Up next on the list of perils that a turtle faces is predators, such as raccoons, skunks, foxes, gulls and crows. An adult turtle is very hard to kill and eat, but eggs and baby turtles are soft and easy to attain. The mammals just walk along a road and dig up the nests. The birds fly by these long open stretches and pick off the wee ones as they emerge from the nest later in the year.

To sum up so far, turtles replenish their population by laying lots of eggs, knowing (somehow) that several will become breakfast for natural predators. In the natural scheme of things, over the past many eons of time, this has balanced out enough to ensure turtles had enough survivors to carry on. But nowadays the scale of survival has been tipped out of whack.

While roads have created more nest building habitat, their very presence has put the mother turtles at peril. Paved roads are warm and the vehicle traffic is fast. And as raccoons, skunks and foxes have adapted to human activities the roadsides are walkways between garbage cans and other yummy debris.

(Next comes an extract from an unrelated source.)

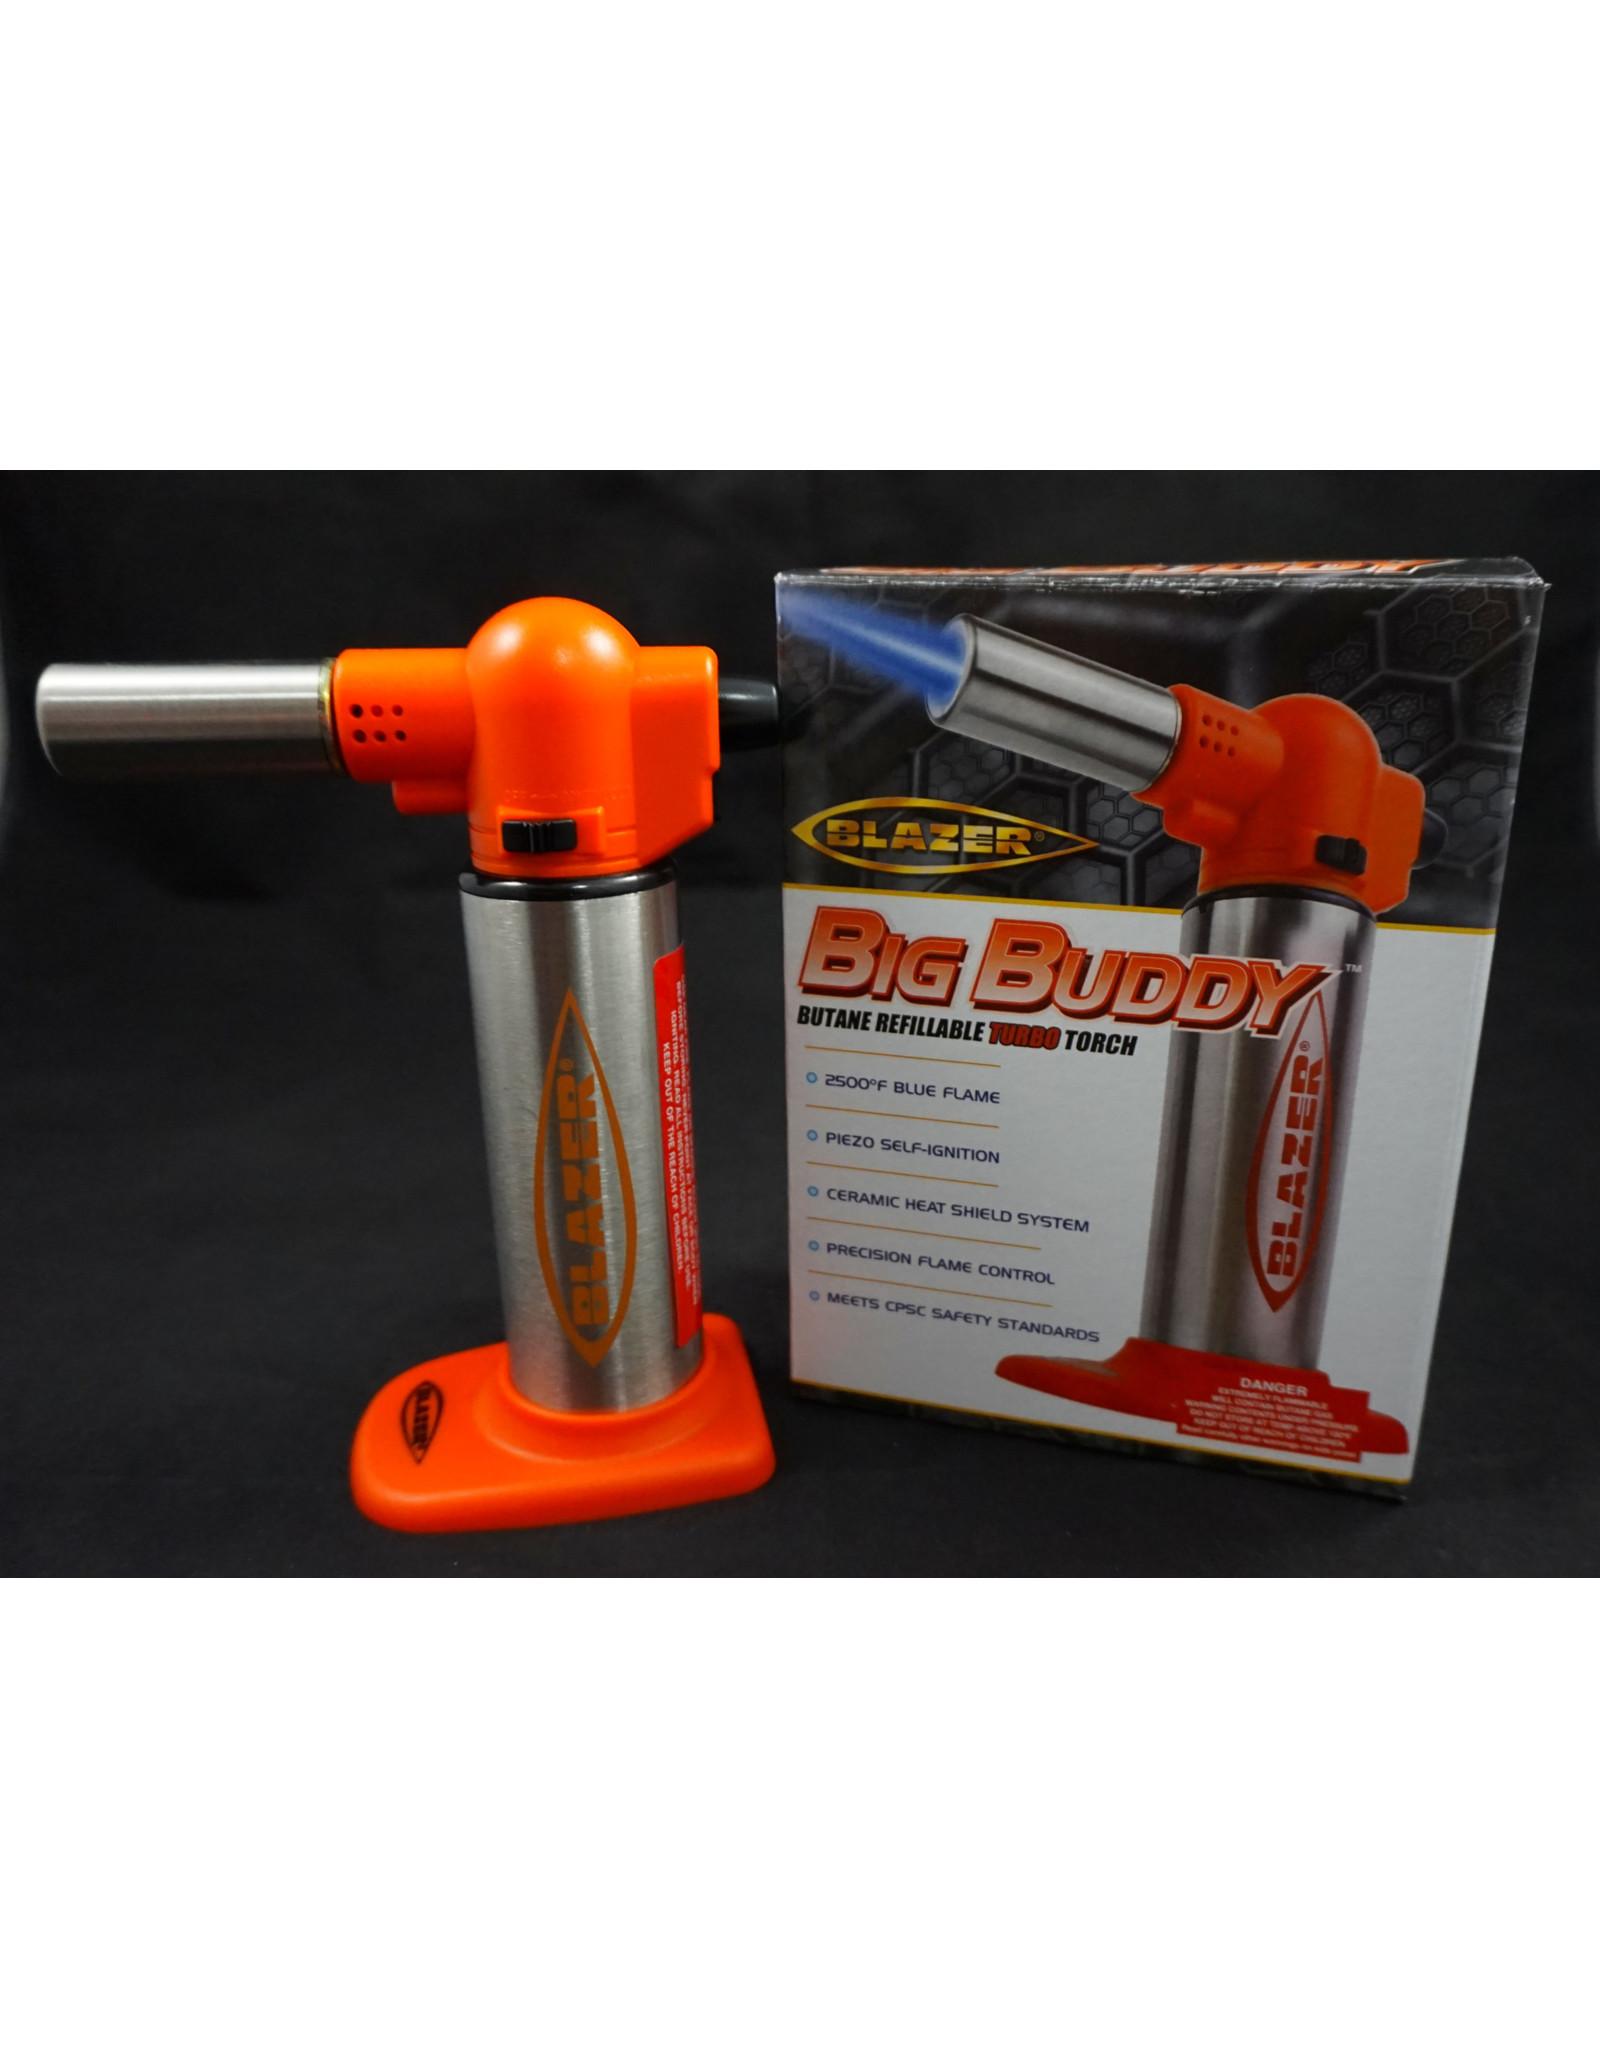 Blazer Blazer Big Buddy Torch – 7″ Orange
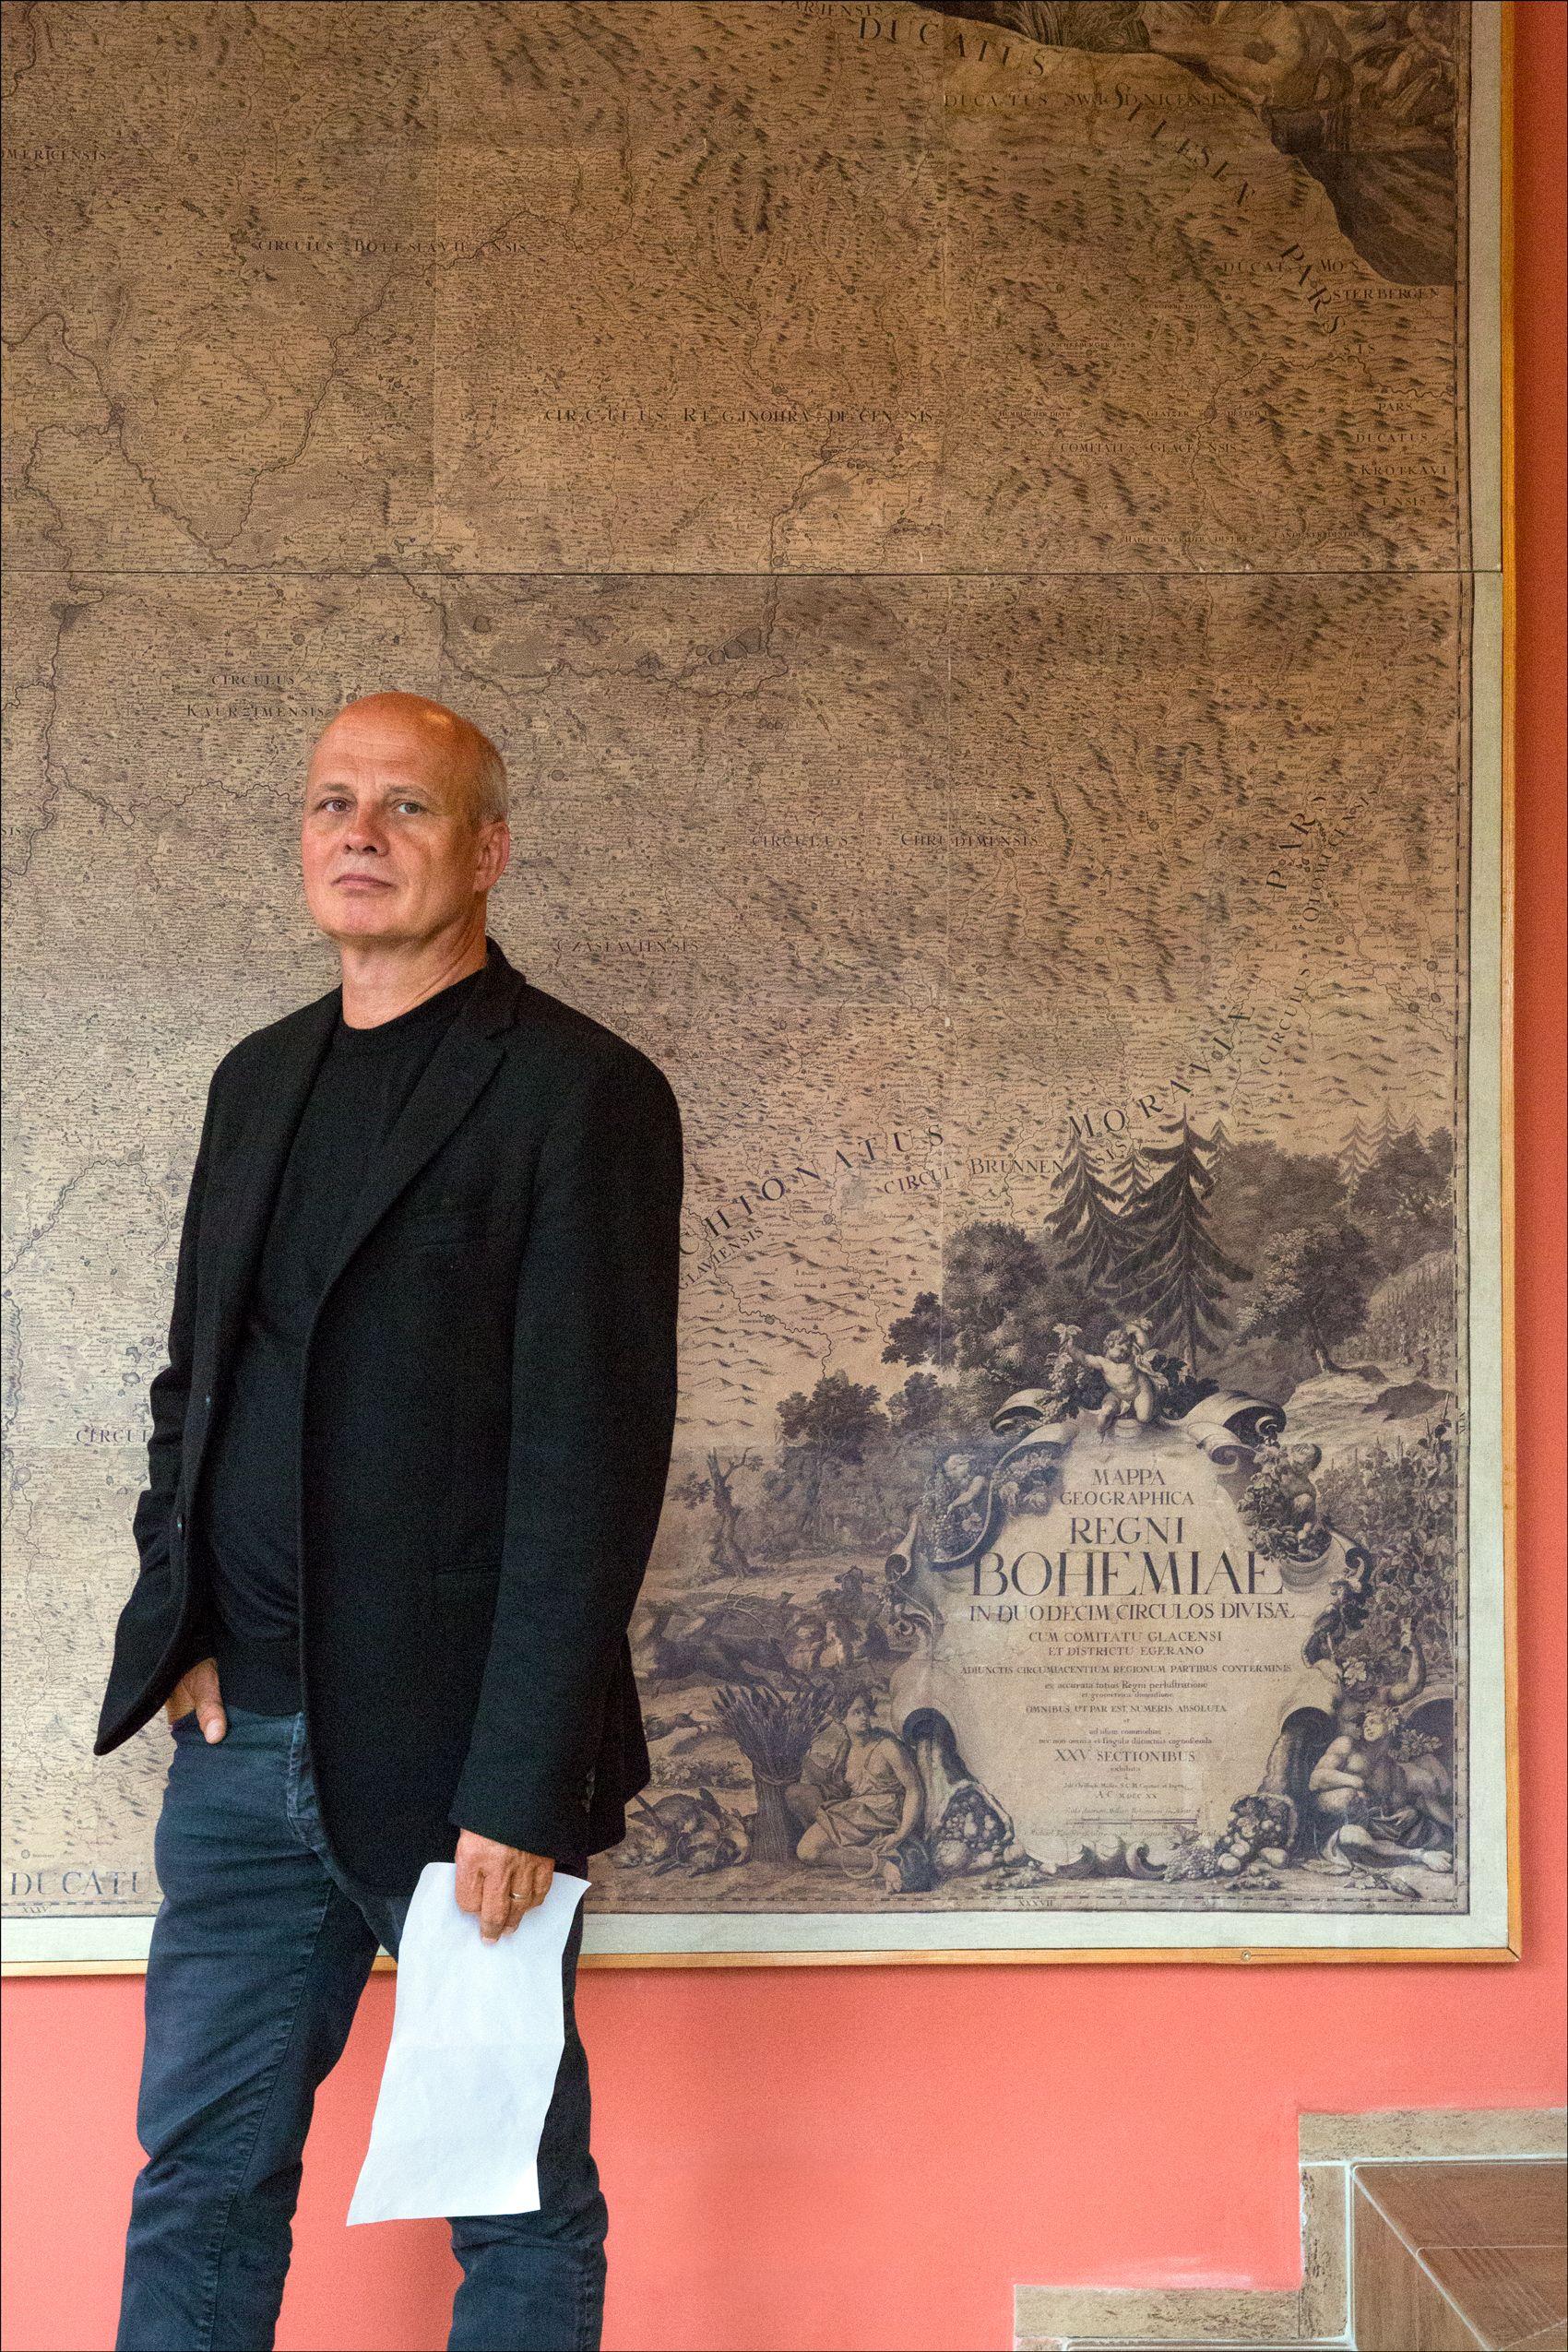 Michal Horacek

Last point: if a baby turtle survives the nest robbing, if it survives the road crossing and makes in to the security of the swamp, it will be about ten years before it matures to reproduce. While it's waiting around the find a mate, the slaughter continues, indeed increases, on the nearby road. The overall result being fewer and fewer turtles.

Which is why the Midland painted turtle has just been added to the growing list of species at risk in Ontario. A couple years ago snapping turtles were added, and research indicates painted turtles need to join the list of imperiled wildlife. The designation is Special Concern. If populations continue to decline the next worse designation is Threatened, followed by Endangered.

When the Committee On the Status of Endangered Wildlife in Canada (COSEWIC) decide to add a species it is done so with a lot of research and discussion. Those critters that have Endangered or Threatened behind their name receive special protection, by law, within the province of their residence. Their habitat is protected from development or degradation, and fines are imposed on people who disregard the presence of these species (or take them into the black market pet trade).

Special Concern does not afford legal protection to a species or its habitat. SC is a wake-up call. The population is declining, perhaps slowly, perhaps quickly, with enough individuals currently existing to keep their population on the map, for the moment. If the current downward trend continues then populations will not be able to replenish themselves. If people can immediately intervene to add protection then the species may stabilize and remain a natural part of our landscape.

The bad news is that every species of turtle in Ontario is now listed. The silver lining is that the situation has been brought to our collective attention, and maybe we can take steps to assist. Like the bumper sticker says: I brake for turtles.